Information shown section start
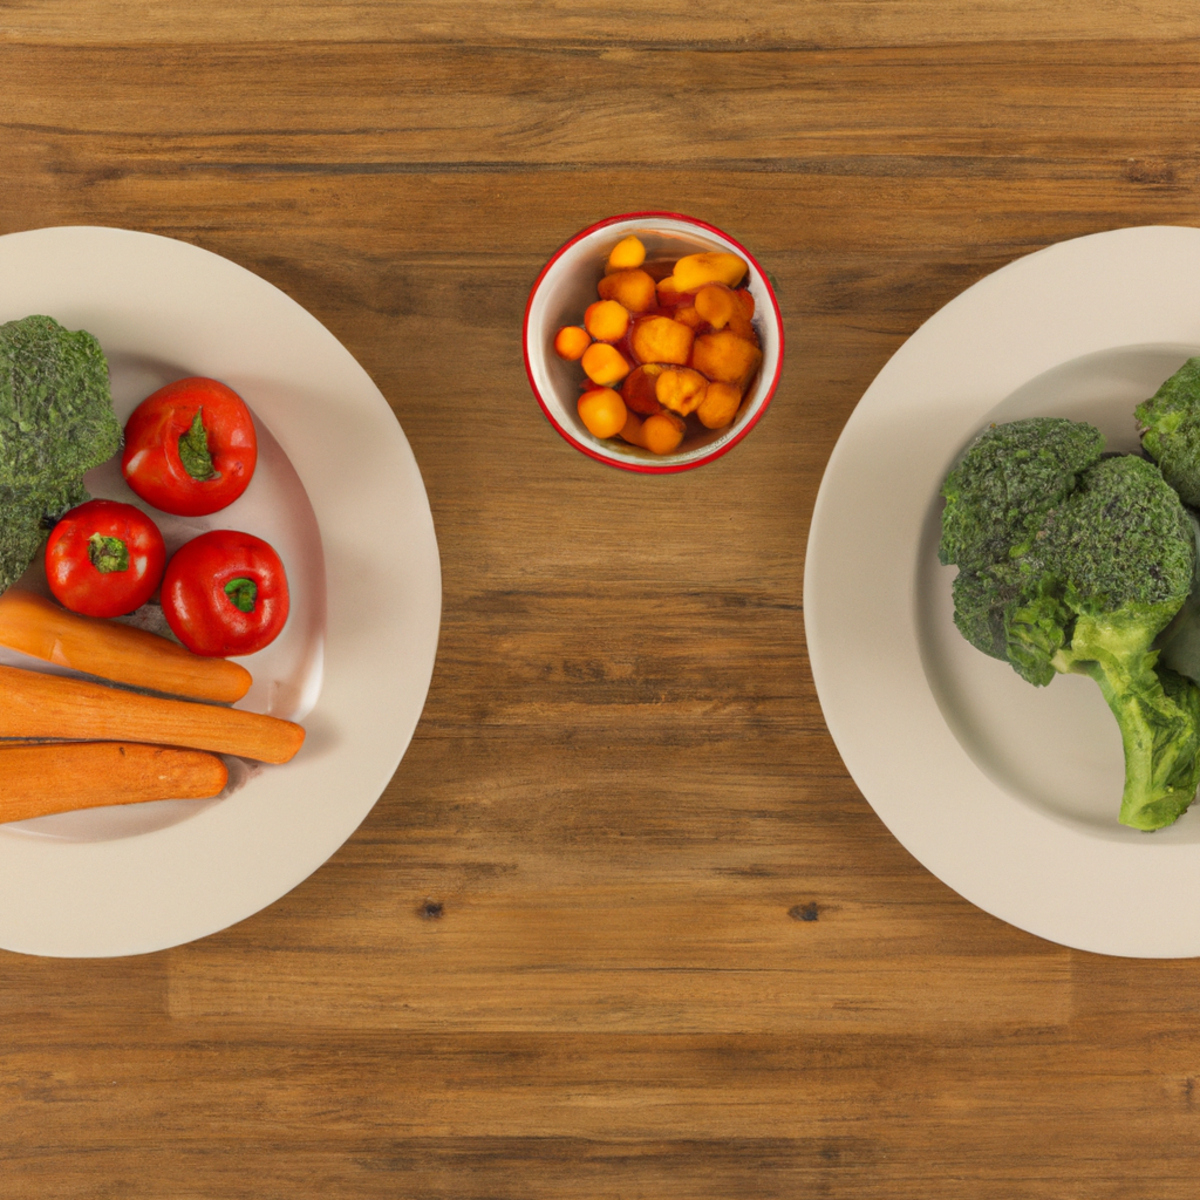 The photo shows a wooden table with two plates of food placed side by side. On the left plate, there are fresh vegetables like broccoli, carrots, and tomatoes, along with a bowl of mixed fruits. On the right plate, there are similar-looking vegetables and fruits, but they appear to be less vibrant and have a slightly duller color. The background of the photo is blurred, but it seems to be a grocery store or a farmer's market. The photo captures the essence of the article, highlighting the differences between organic and conventional foods in terms of their nutritional value.
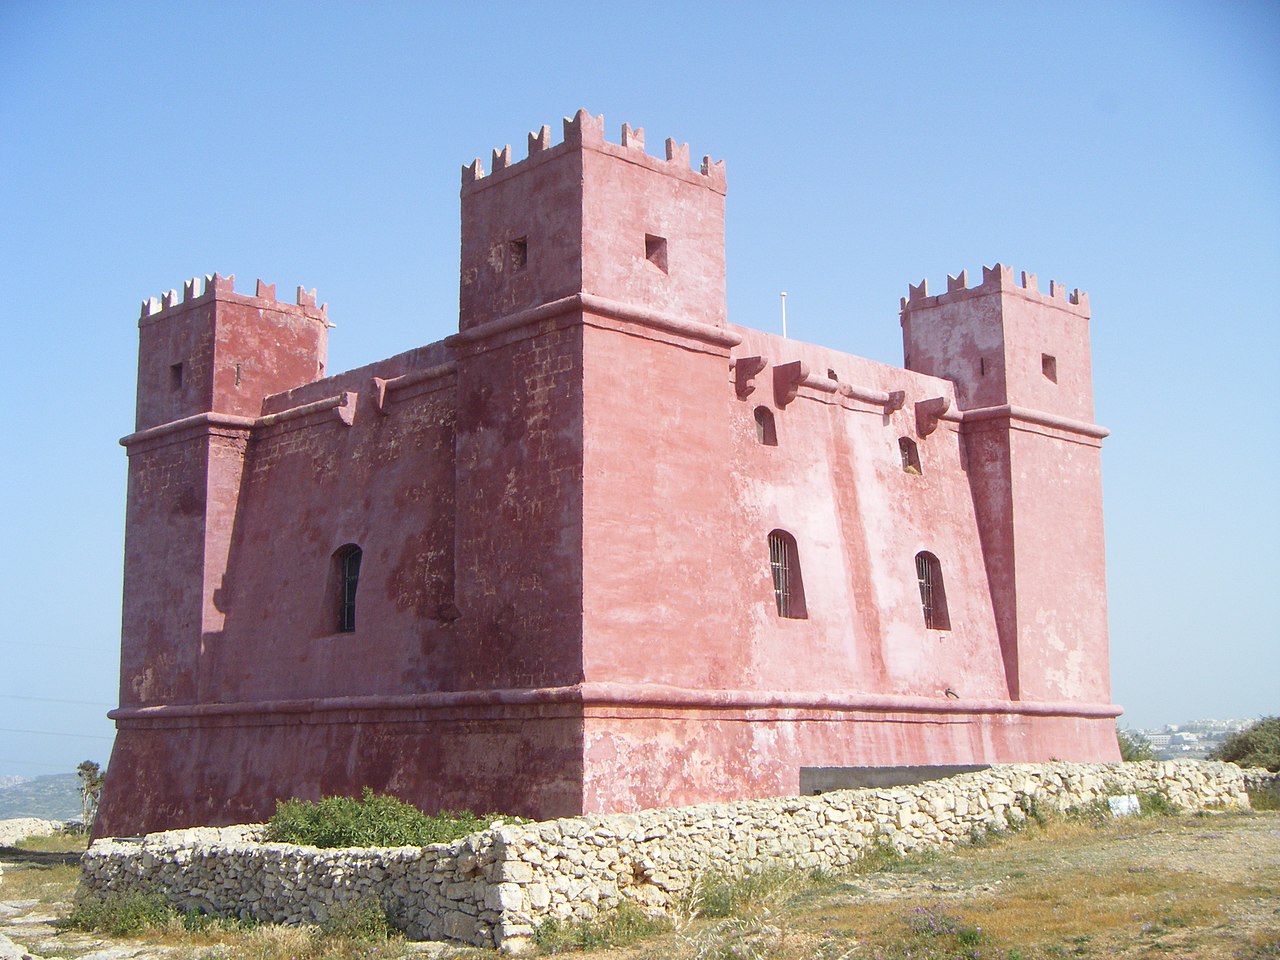 The Red Tower, Malta
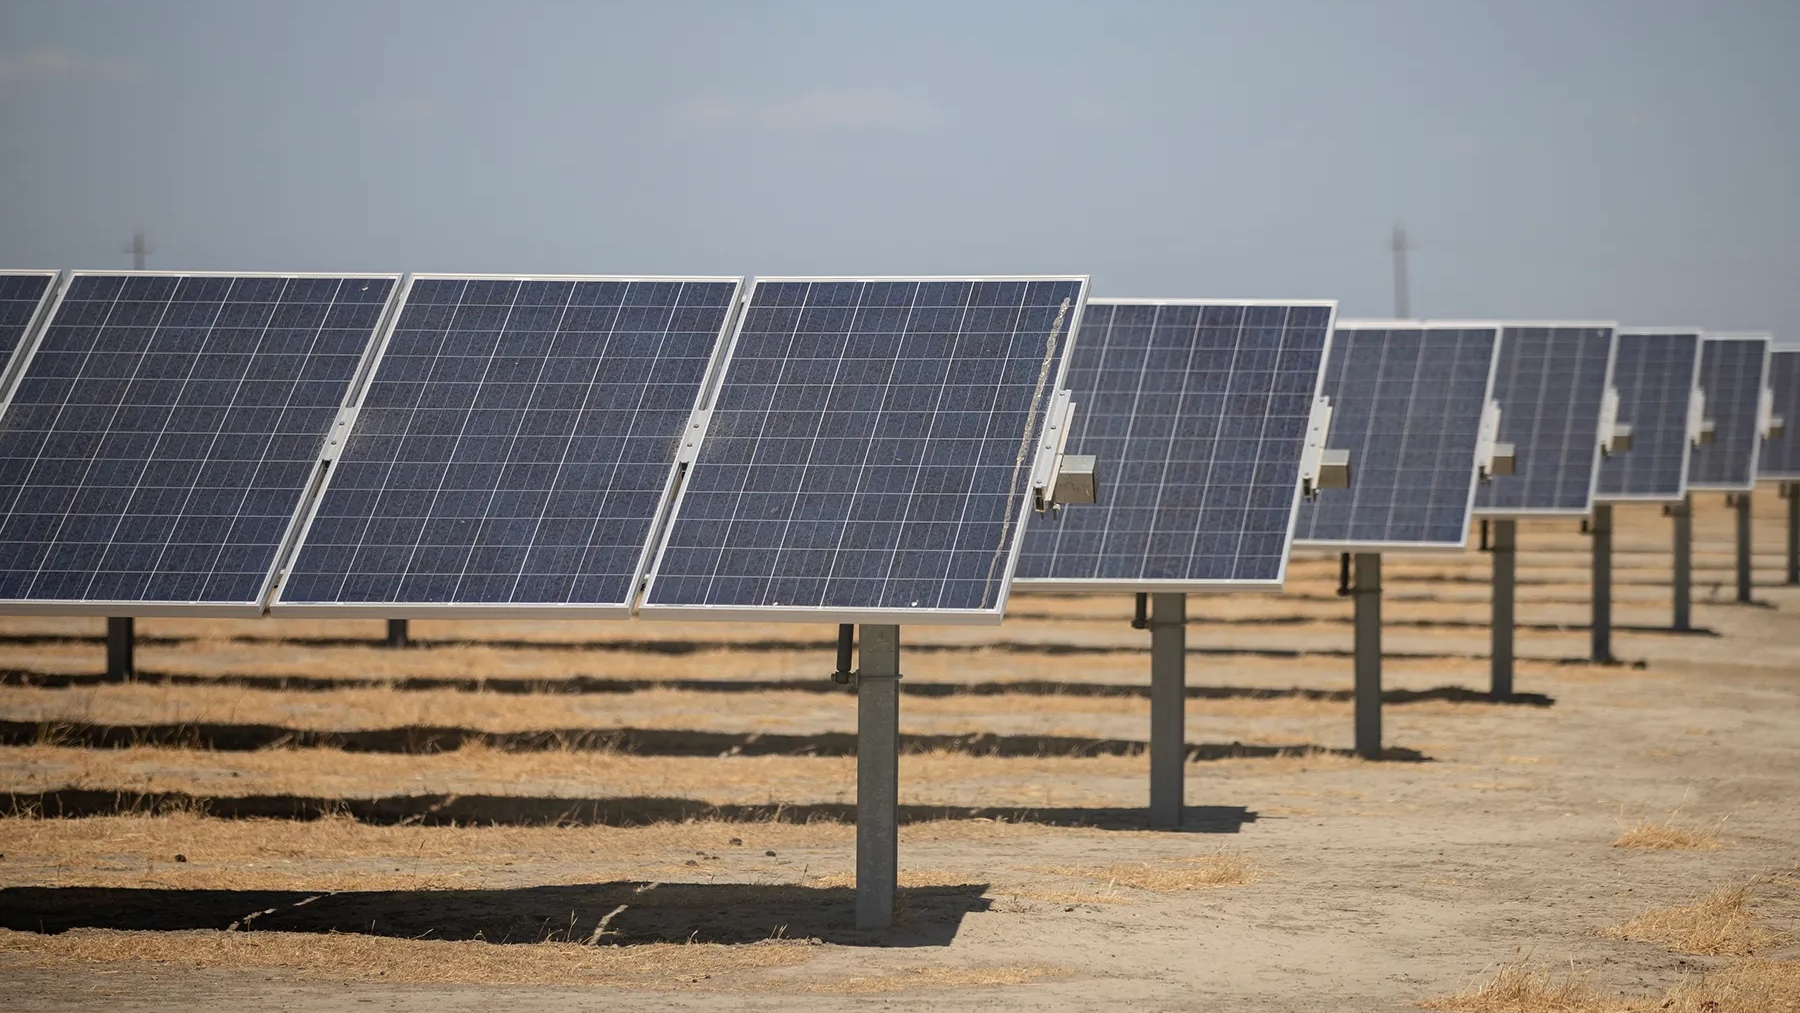 Several rows of black solar panels stretch over a yellow field.
Information shown section end
### What to do
Word for word, return the material above; the pictures stay out.

### Exercise output
 The photo shows a wooden table with two plates of food placed side by side. On the left plate, there are fresh vegetables like broccoli, carrots, and tomatoes, along with a bowl of mixed fruits. On the right plate, there are similar-looking vegetables and fruits, but they appear to be less vibrant and have a slightly duller color. The background of the photo is blurred, but it seems to be a grocery store or a farmer's market. The photo captures the essence of the article, highlighting the differences between organic and conventional foods in terms of their nutritional value.
 The Red Tower, Malta
 Several rows of black solar panels stretch over a yellow field.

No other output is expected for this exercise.